A "software spider" is an unmanned program operated by a search engine that surfs the Web just like you would. As it visits each Web site, it records (saves to its hard drive) all the words on each site and notes each link to other sites. It then "clicks" on a link, and off it goes to read, index, and store another Web site.

The software spider often reads and then indexes the entire text of each Web site it visits into the main database of the search engine it is working for. Recently many engines such as AltaVista have begun indexing only up to a certain number of pages of a site, often about 500 total, and then stopping. Apparently, this is because the Web has become so large that it's unfeasible to index everything. How many pages the spider will index is not entirely predictable. Therefore, it's a good idea to specifically submit each important page in your site that you want to be indexed, such as those that contain important keywords.

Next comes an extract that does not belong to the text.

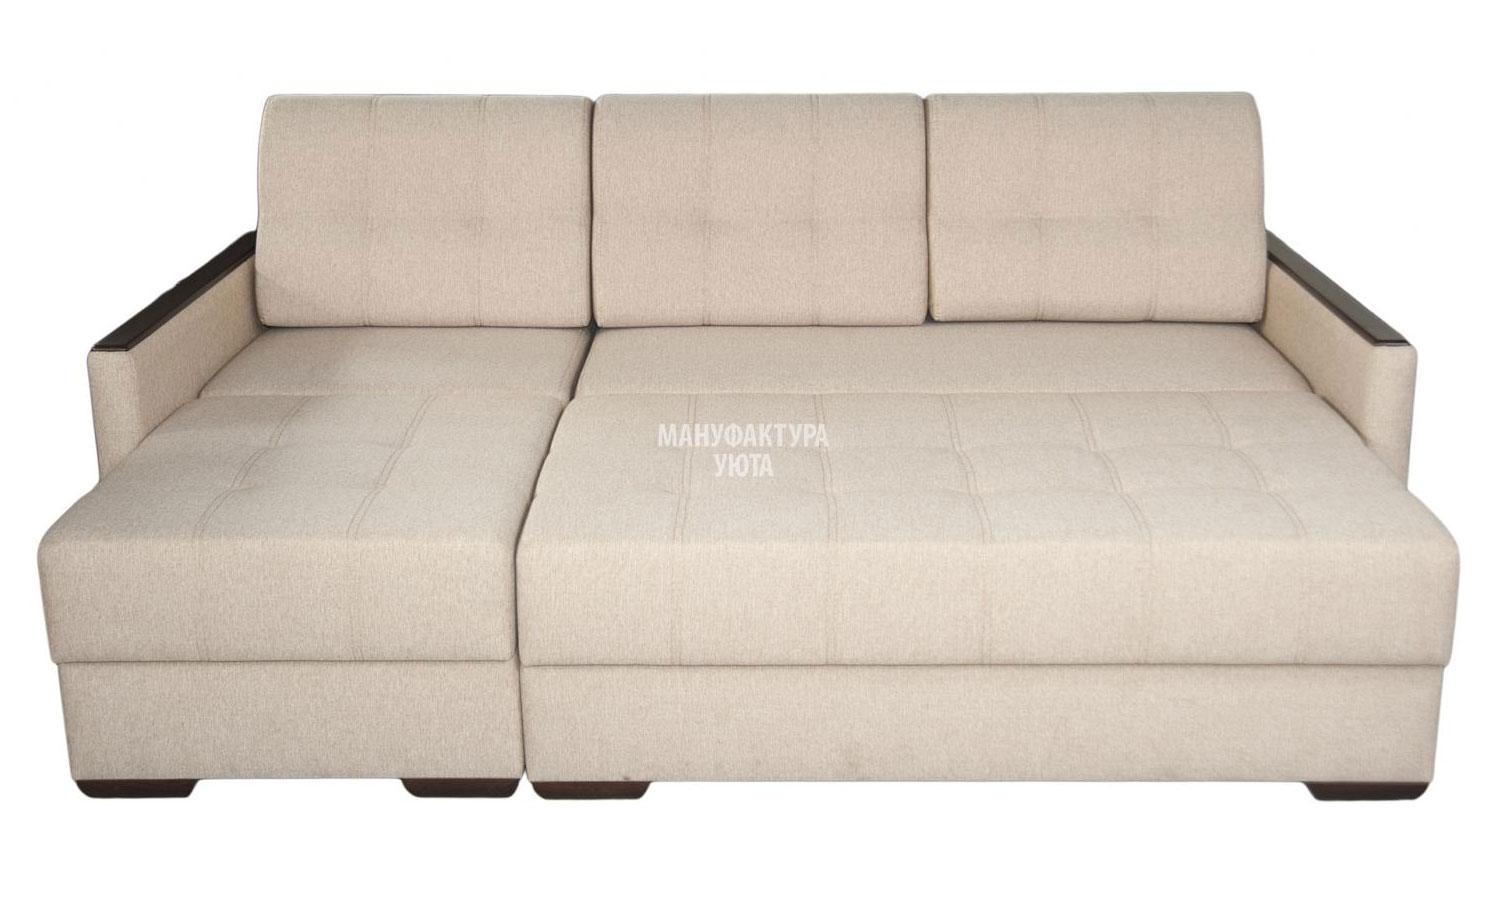 Купить диван Олимп-1 подлокотник №2 декор Мануфактура Уюта по выгодной ценев магазине Мебель XXI века

A software spider is like an electronic librarian who cuts out the table of contents of each book in every library in the world, sorts them into a gigantic master index, and then builds an electronic bibliography that stores information on which texts reference which other texts. Some software spiders can index more than a million documents a day! It is important to understand that search engines' spiders do just two things:

  • They index text.
  • They follow links.

At a recent Search Engine Strategies conference put on by SearchEngineWatch.com, one of the guest speakers, Shari Thurow of Grantastic Designs, made this point and repeated it several times to illustrate its significance: "Search engines index text and follow links. They index text, and they follow links. That's all they do."

Her point is important and central to understanding the nature of search engines' spiders. If the text of your Web site is contained within a graphic, the search engines cannot index it. If all of your important keywords for which you hope to attain rankings are included in the graphics, not in the HTML text, your site will not attain rankings. Remember, search engines do not index pictures or read pictures, they index text and follow links. That's all. If you have no text on your viewable page, no amount of keywords in your keyword metatag will help you to attain rankings.

What the spider sees on your site will determine how your site is listed in its index. Search engines determine a site's relevancy based on a complex scoring system that the search engines try to keep secret. This system adds or subtracts points based on such things as how many times the keyword appeared on the page, where on the page it appeared, and how many total words were found. The pages that achieve the most points are returned at the top of the search results; the rest are buried at the bottom, never to be found.

As a software spider visits your site, it notes any links on your page to other sites. In any search engine's vast database are recorded all the links between sites. The search engine knows which sites you linked to, and more important, which ones linked to you. Many engines will even use the number of links to your site as an indication of popularity, and will then boost your ranking based on this factor.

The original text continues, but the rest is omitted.